What to do
For the material below, the expected output is exactly the lines between the line holding "Ginny, the wizard crochet toy pattern" and the line holding "ORANGE Klettverschluss dark-Blue", inclusive, with pictures left out.

Data for this task
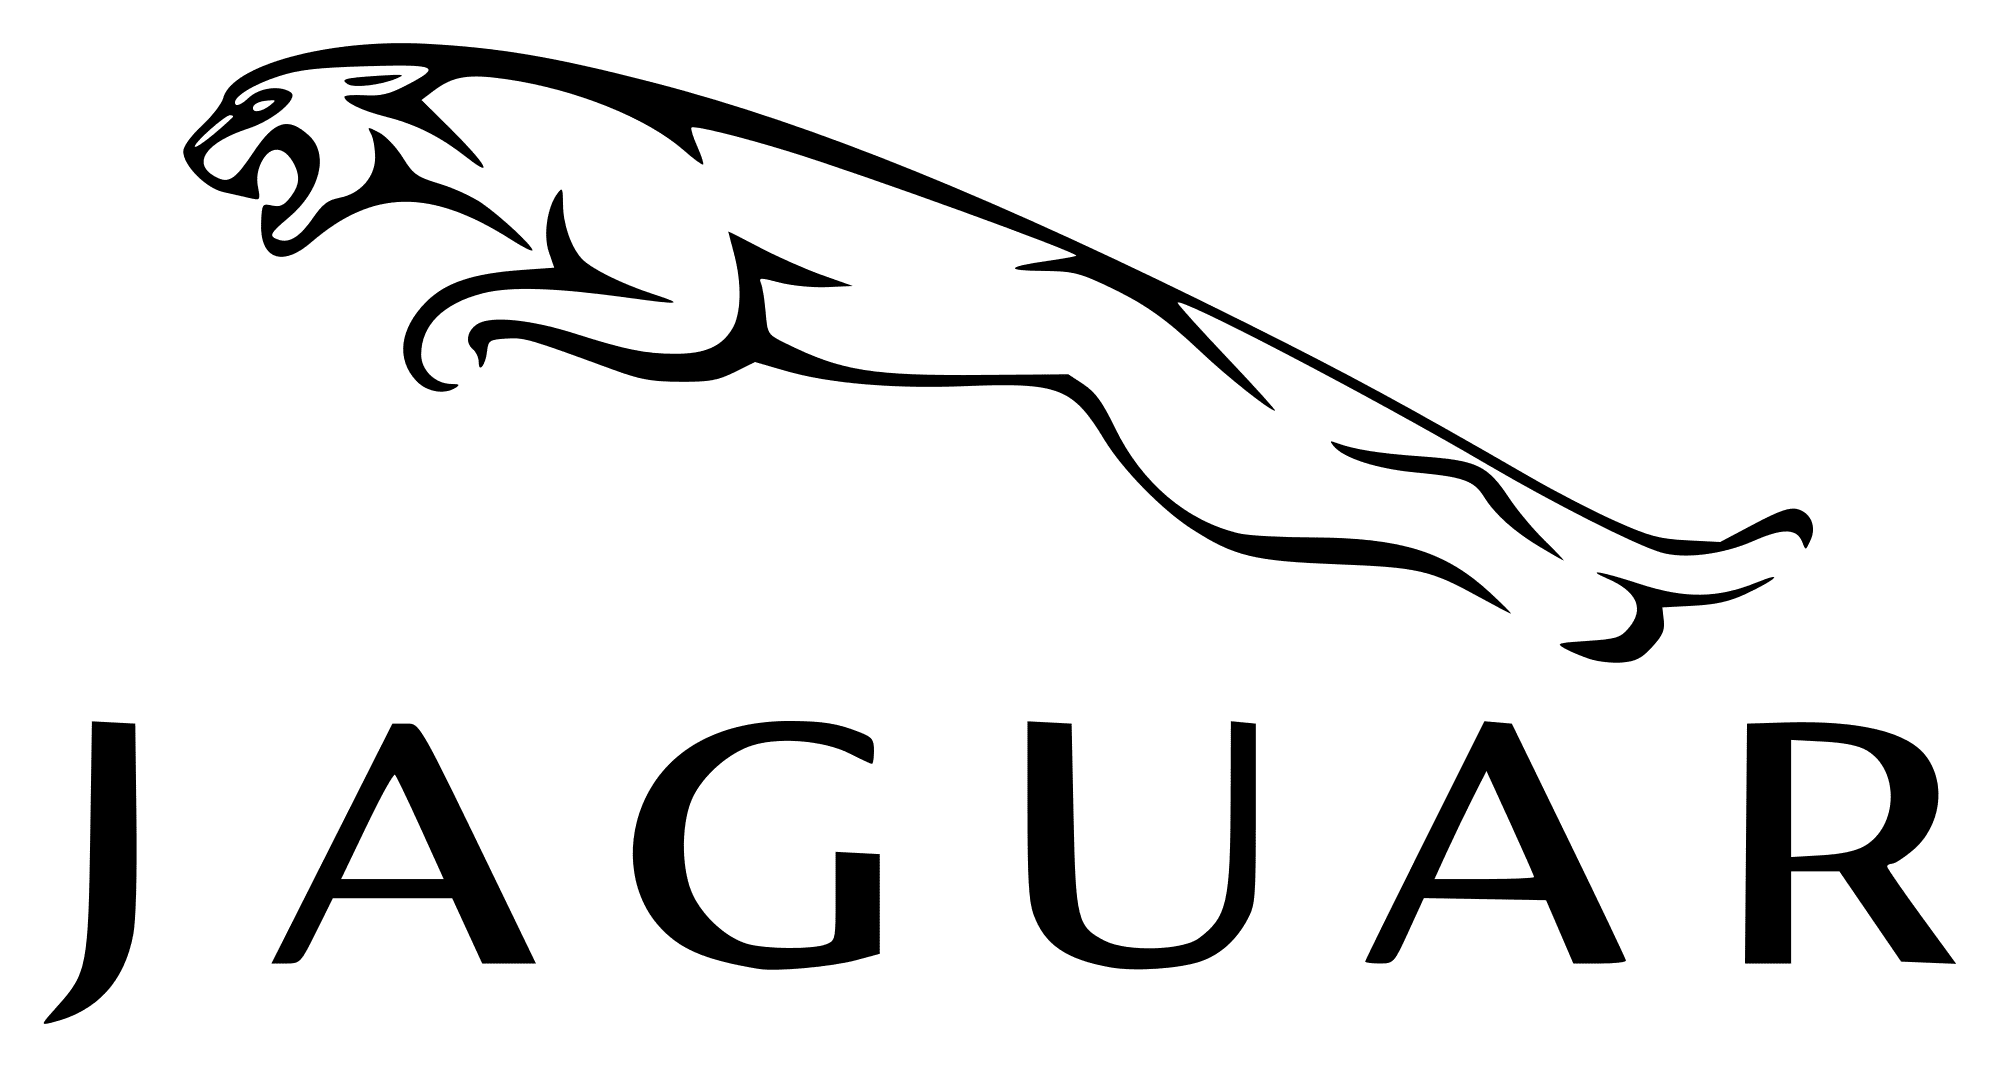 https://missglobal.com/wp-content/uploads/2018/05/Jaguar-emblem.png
---
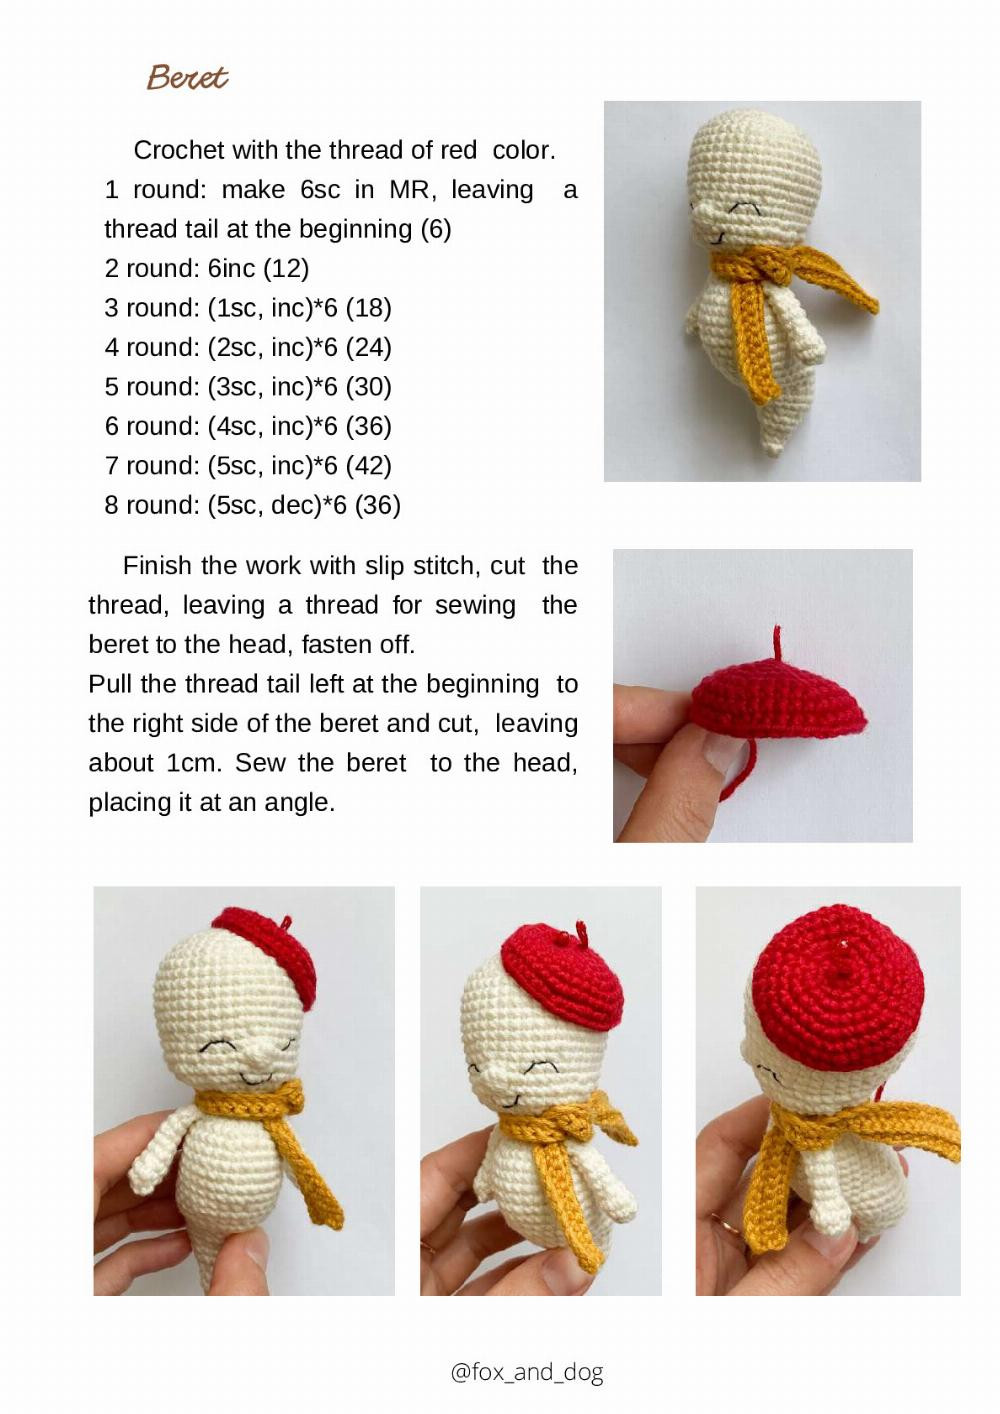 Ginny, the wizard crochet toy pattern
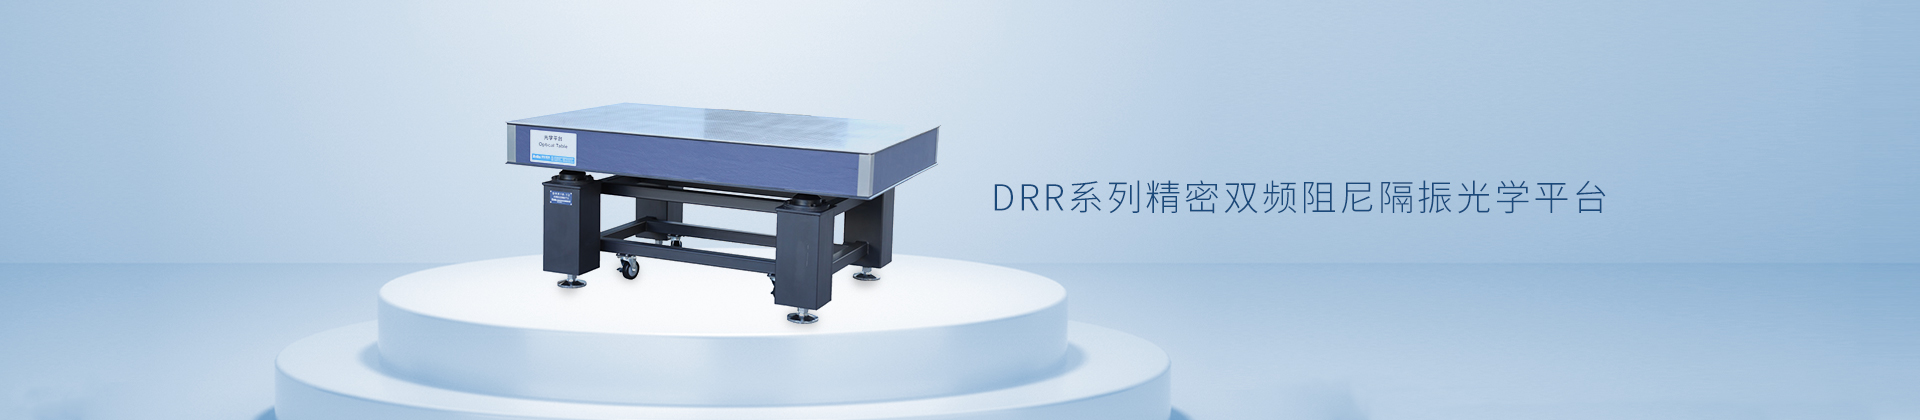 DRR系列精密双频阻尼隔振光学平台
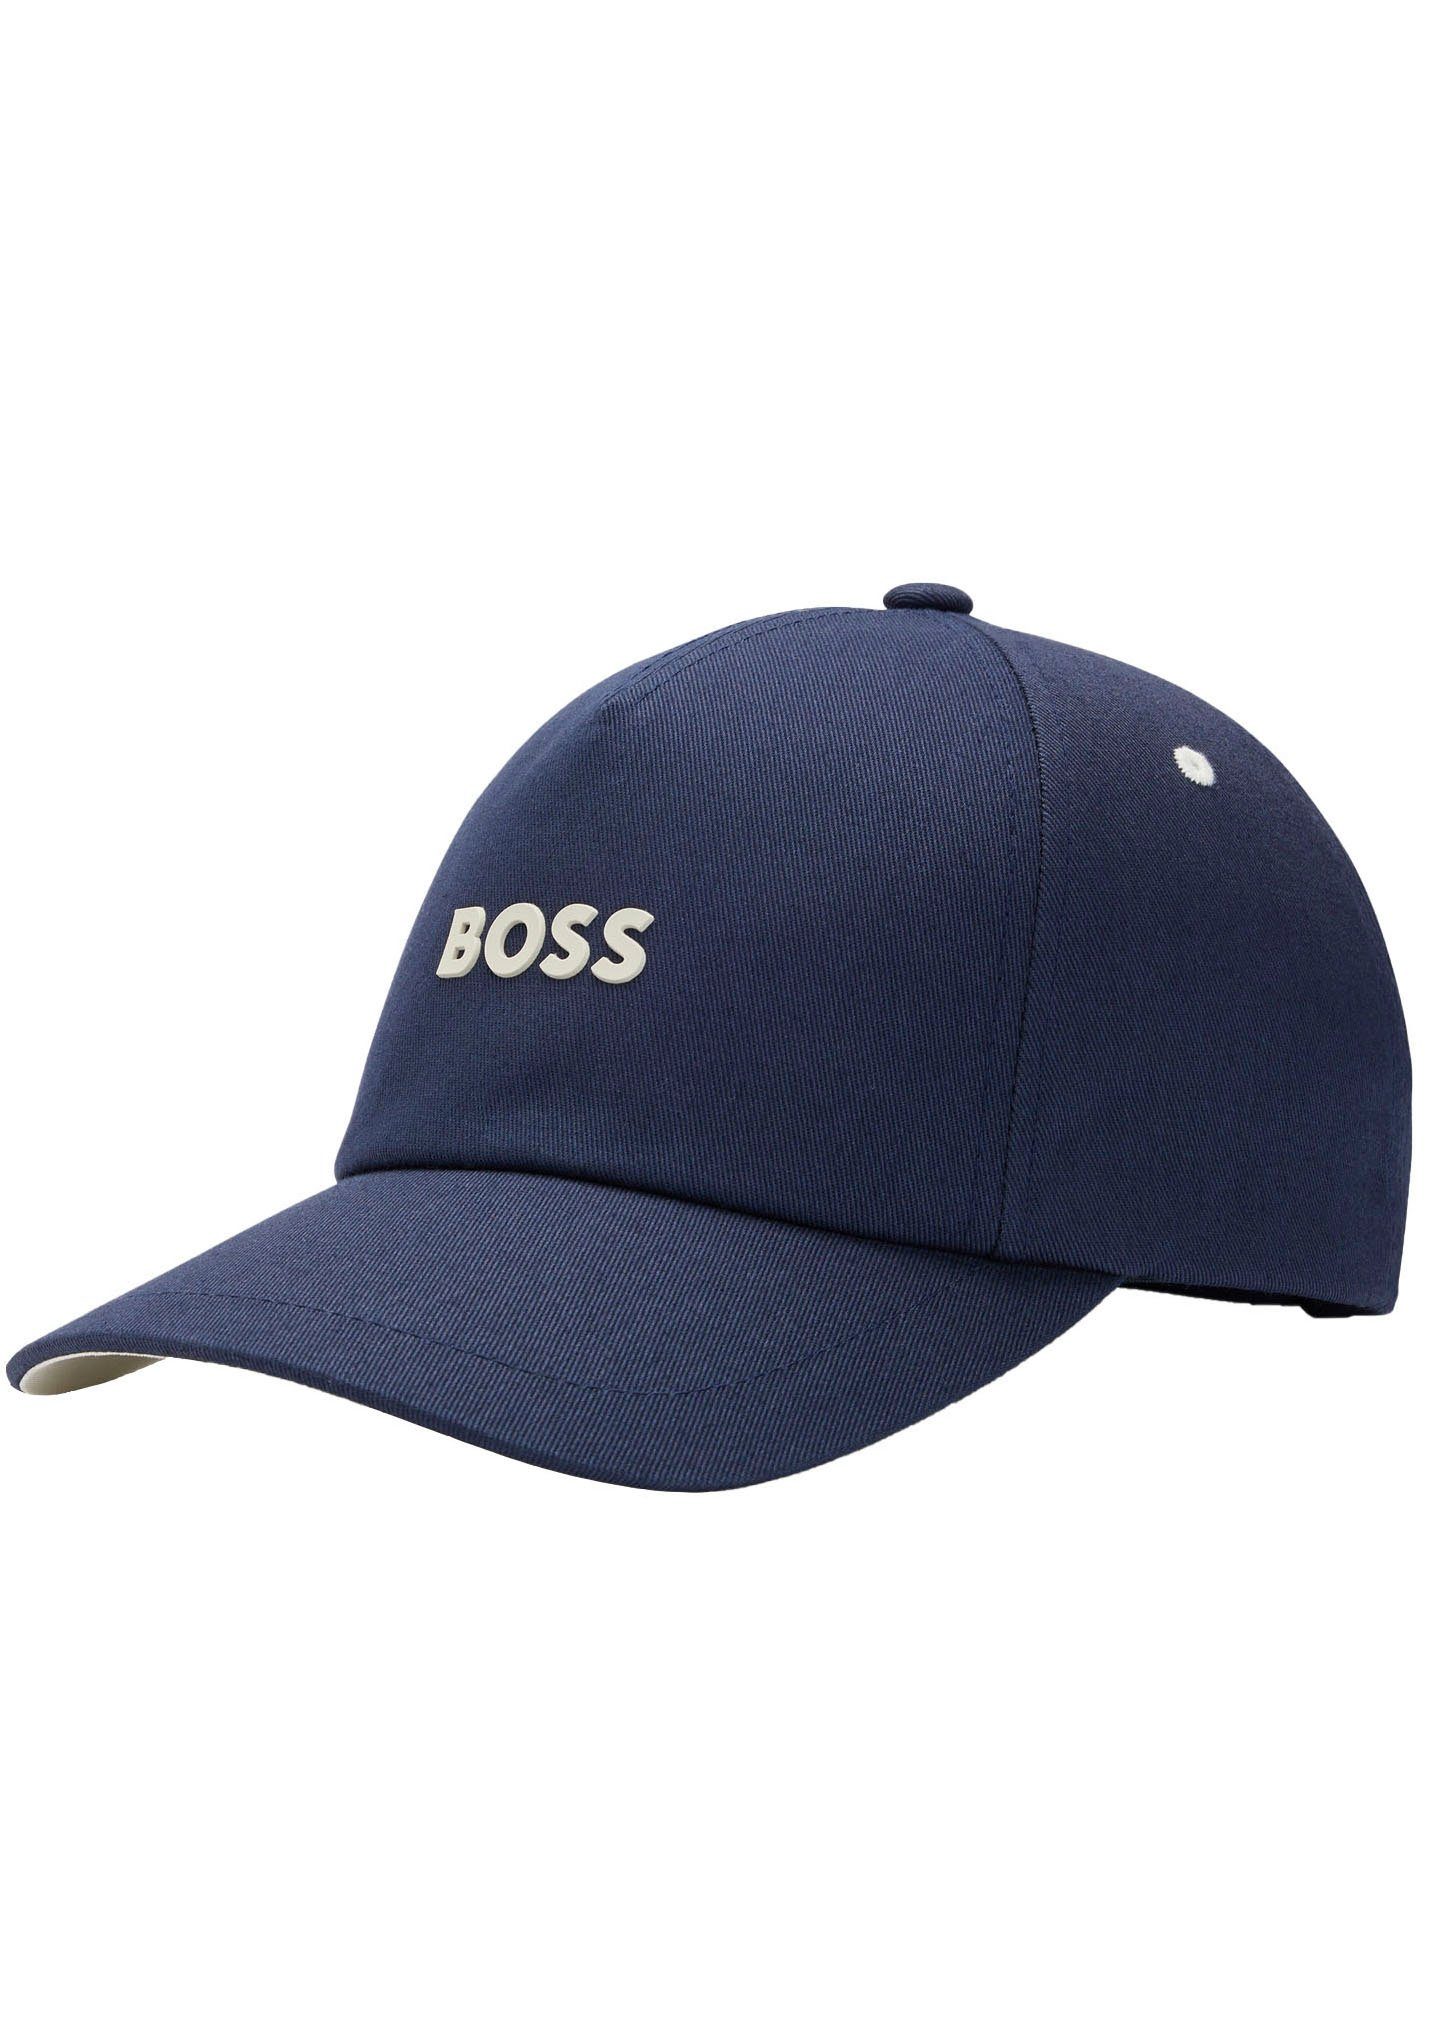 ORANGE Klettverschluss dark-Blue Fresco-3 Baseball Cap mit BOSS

Answer section
 Ginny, the wizard crochet toy pattern
 DRR系列精密双频阻尼隔振光学平台
 ORANGE Klettverschluss dark-Blue Fresco-3 Baseball Cap mit BOSS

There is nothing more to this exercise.